2. Immunomagnetic Separation Procedure
- Preparation of buffers and solutions:
- Allow the buffers included in the Dynabeads: Cryptosporidium/Giardia combo kit to reach room temperature.
- 1X SL-buffer A: Add 1 ml of 10X SL-buffer A to 9 ml reagent grade water.
- Transfer the ~225 ml of liquid from the retentate bottle to a labeled 250 ml conical centrifuge tube. Rinse the retentate bottle twice with 10 ml of reagent water, and add the rinses to the conical centrifuge tube. Centrifuge the suspension at 1500 x g for 15 min at 4 °C with no brake.
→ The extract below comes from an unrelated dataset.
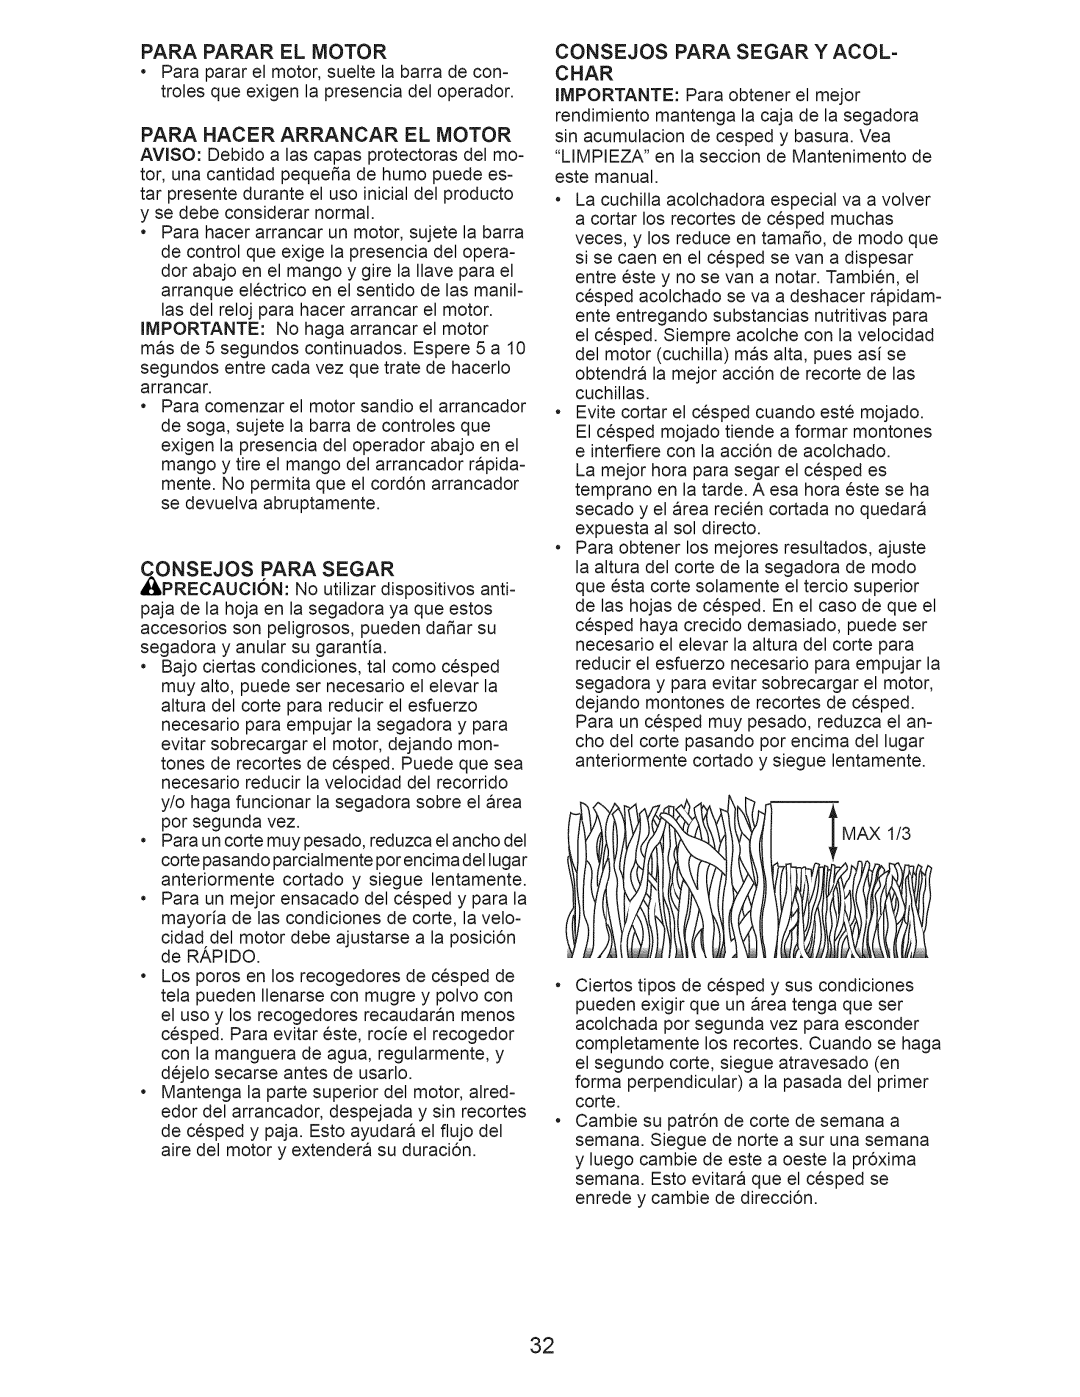 Craftsman 917.374111 manual Para Parar El Motor, Para Hacer Arrancar El Motor, Onsejos Para Segar

- Carefully aspirate the supernatant from the air-water interface to 5 ml above the packed pellet for every 0.5 ml of pellet volume (i.e. aspirate to 15 ml above a pellet volume of 1.3 ml, and aspirate to 5 ml for a pellet of 0.5 ml or less).
- Thoroughly resuspend the pellet into the supernatant by vortexing and/or pipette mixing. Transfer each 5 ml volume of the liquid to the flat-sided Dynal L10 tube containing 1 ml each of 10X SL-buffer A and 10X SL-buffer B. Rinse the conical centrifuge tube twice with 2.5 ml of reagent water and add the rinse to the L10 tube, bringing the total volume in the L10 tube to 12 ml, including the buffers.
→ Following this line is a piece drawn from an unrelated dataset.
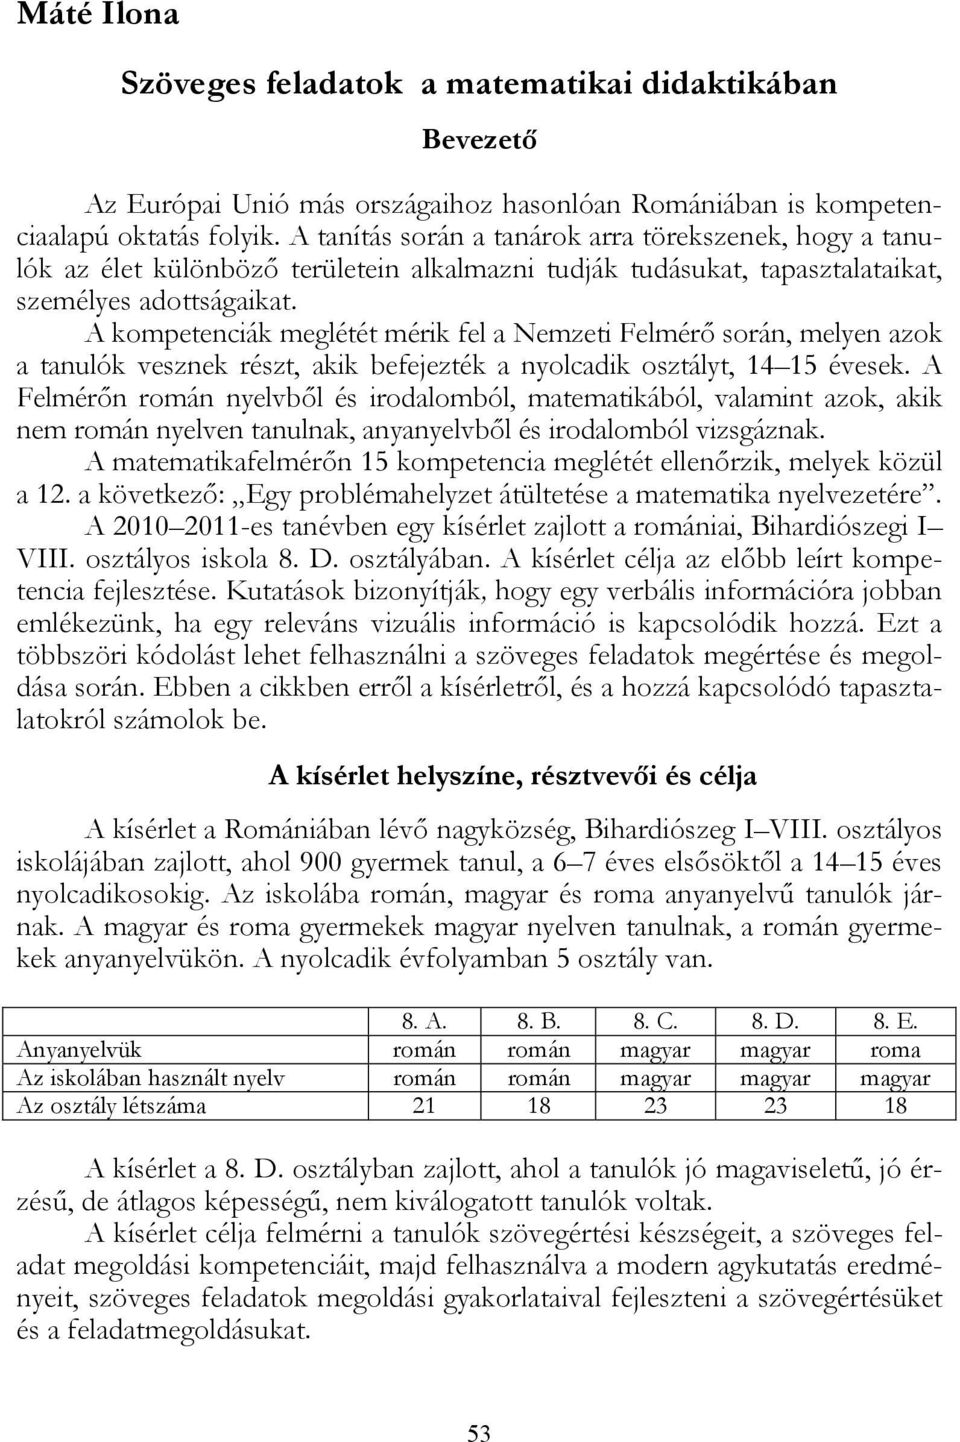 Szöveges feladatok a matematikai didaktikában - PDF Ingyenes letöltés

- Add 100 μl each of well-mixed resuspended anti-Cryptosporidium and anti-Giardia Dynabeads to the L10 tube. Rotate the L10 tube at 18 rpm for 1 hour at room temperature on a rotator mixer.
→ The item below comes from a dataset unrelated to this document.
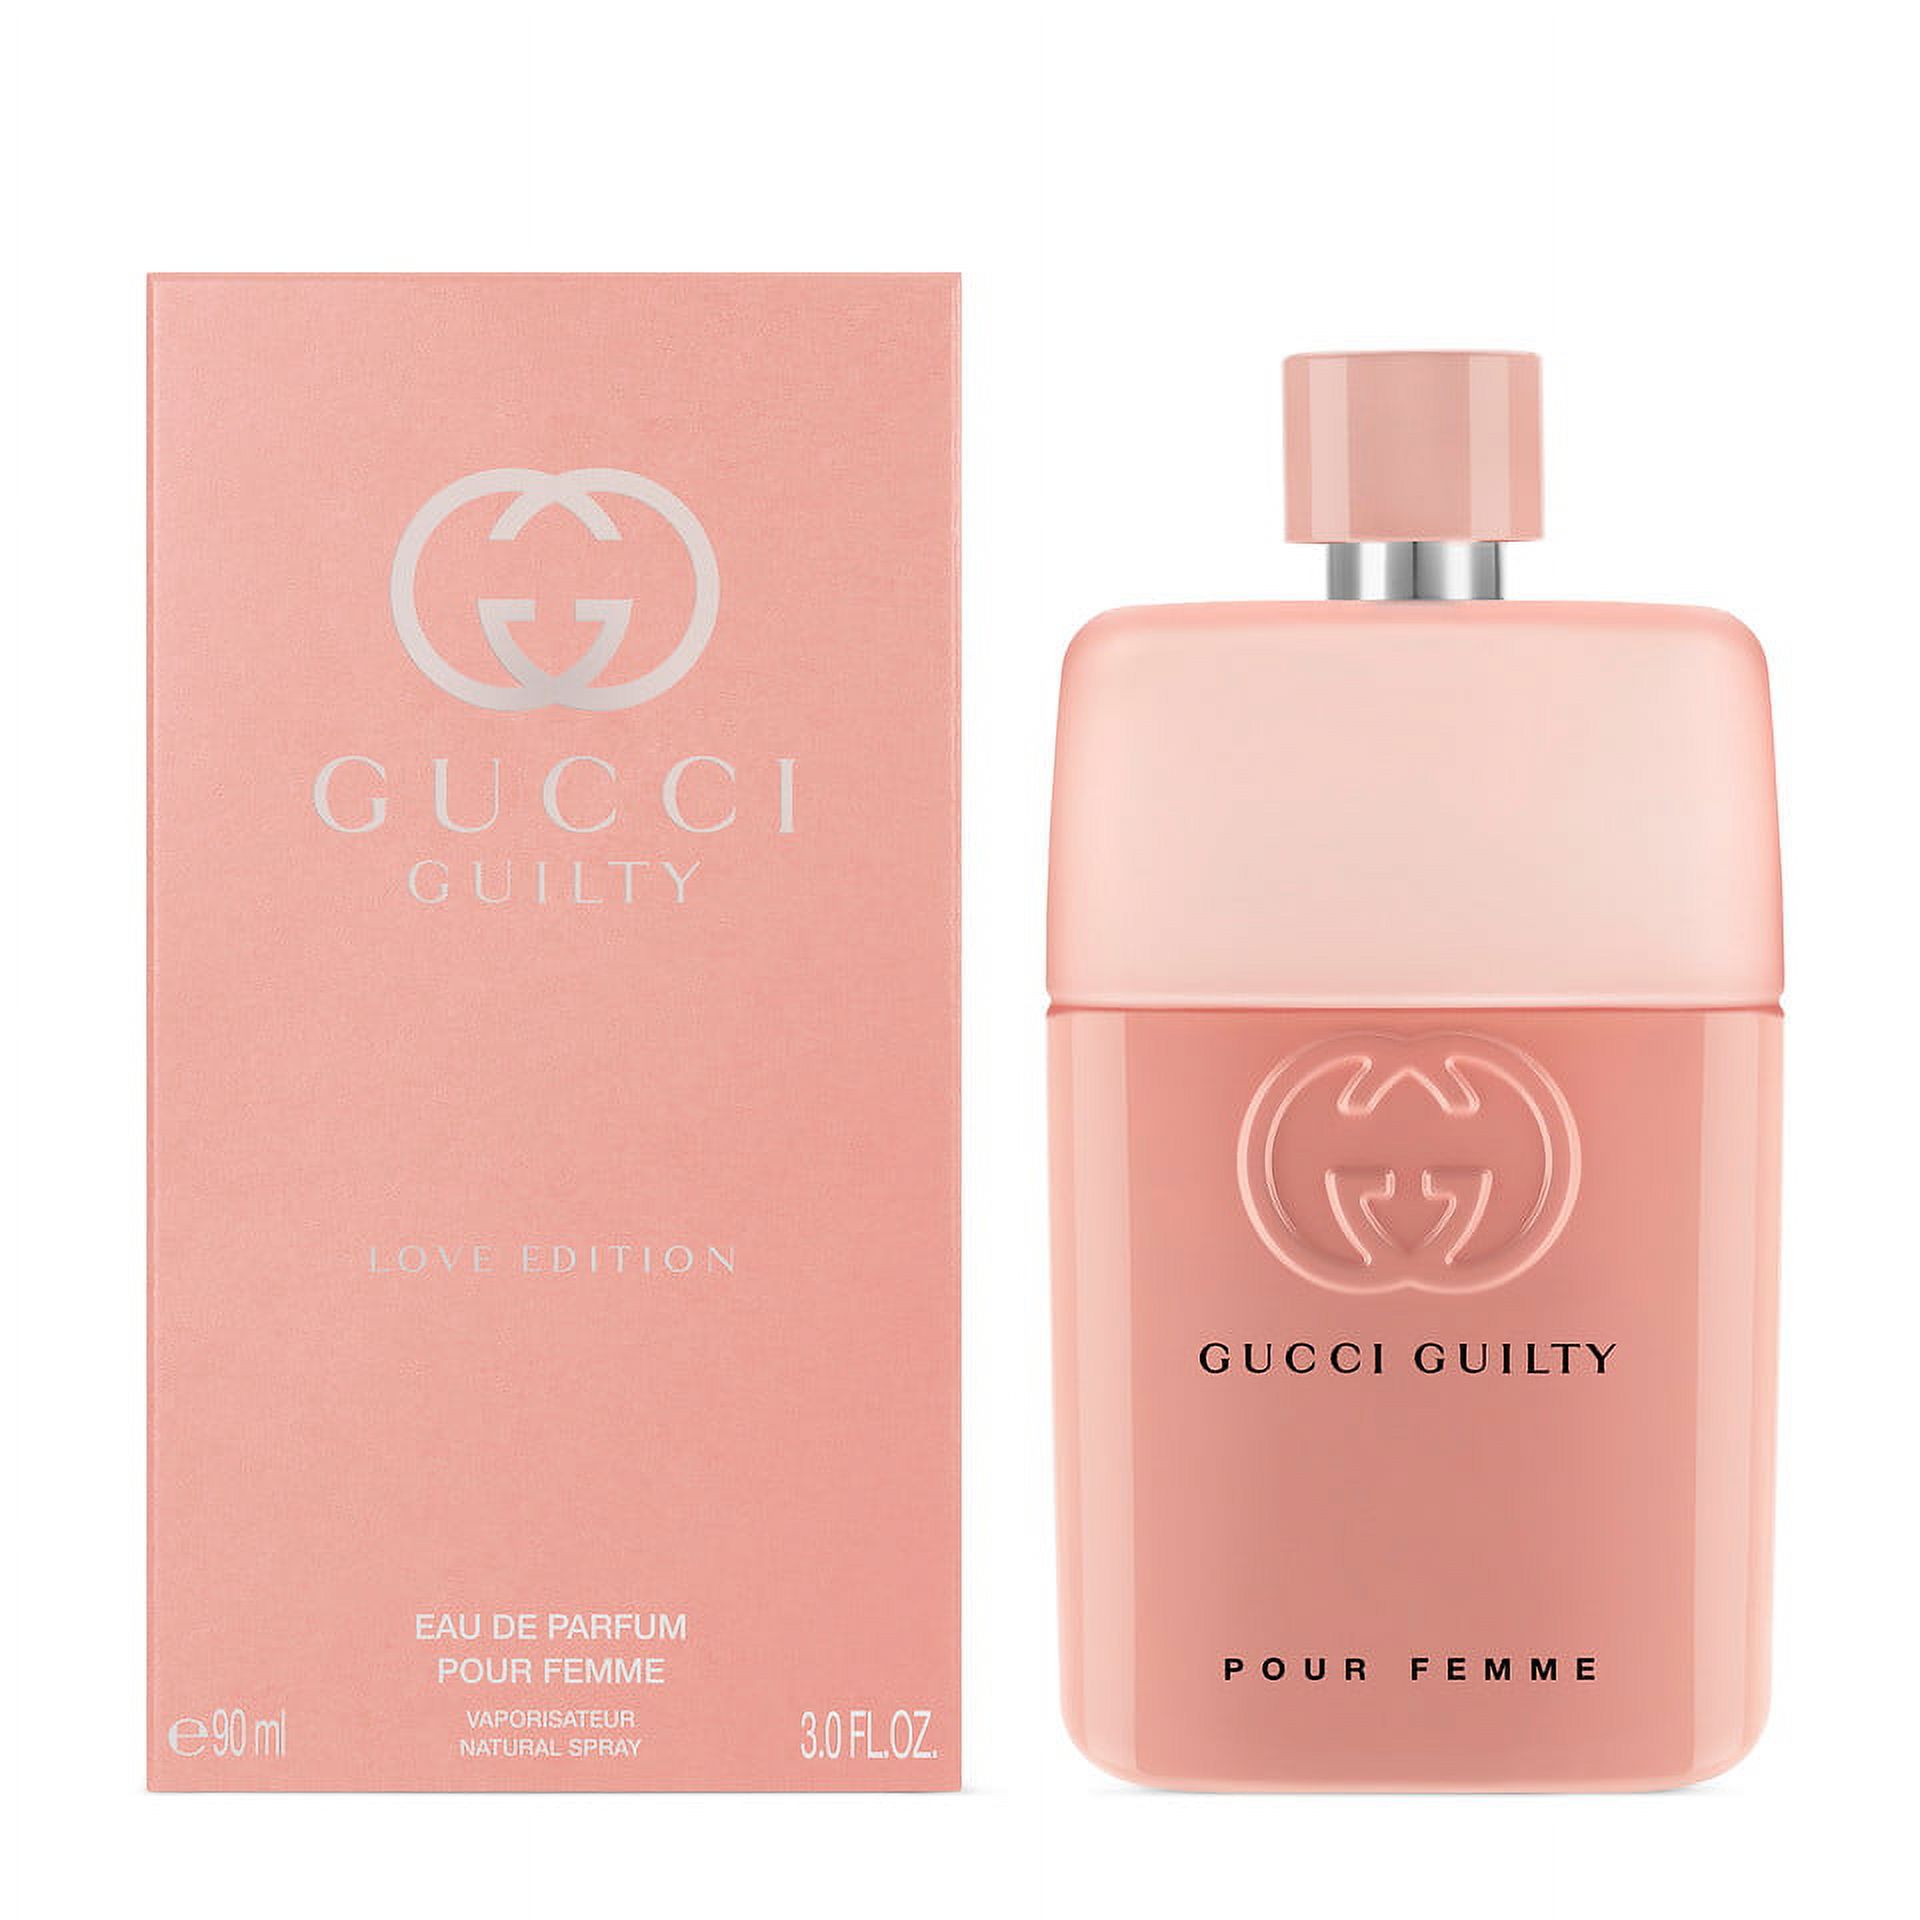 Gucci Guilty Love Edition Pour Femme Eau de Parfum, Perfume for Women, 3 Oz - image 2 of 3

- Place the flat side of the L10 tube against the MPC-6 magnet and gently hand rock the tube end-to-end, 180° for 2 minutes.
- Keeping the L10 tube in the MPC-6 magnet with the magnet side up, decant the supernatant away from the bead/(oo)cyst complexes bound to the magnet. Remove the L10 tube from the magnet and add 0.5 ml of 1X SL-buffer A to the tube. Transfer the suspension using two additional rinses of 0.5 ml of 1X SL-buffer A into a 1.5 ml microcentrifuge tube held in the MPC-S with the magnet in the vertical position.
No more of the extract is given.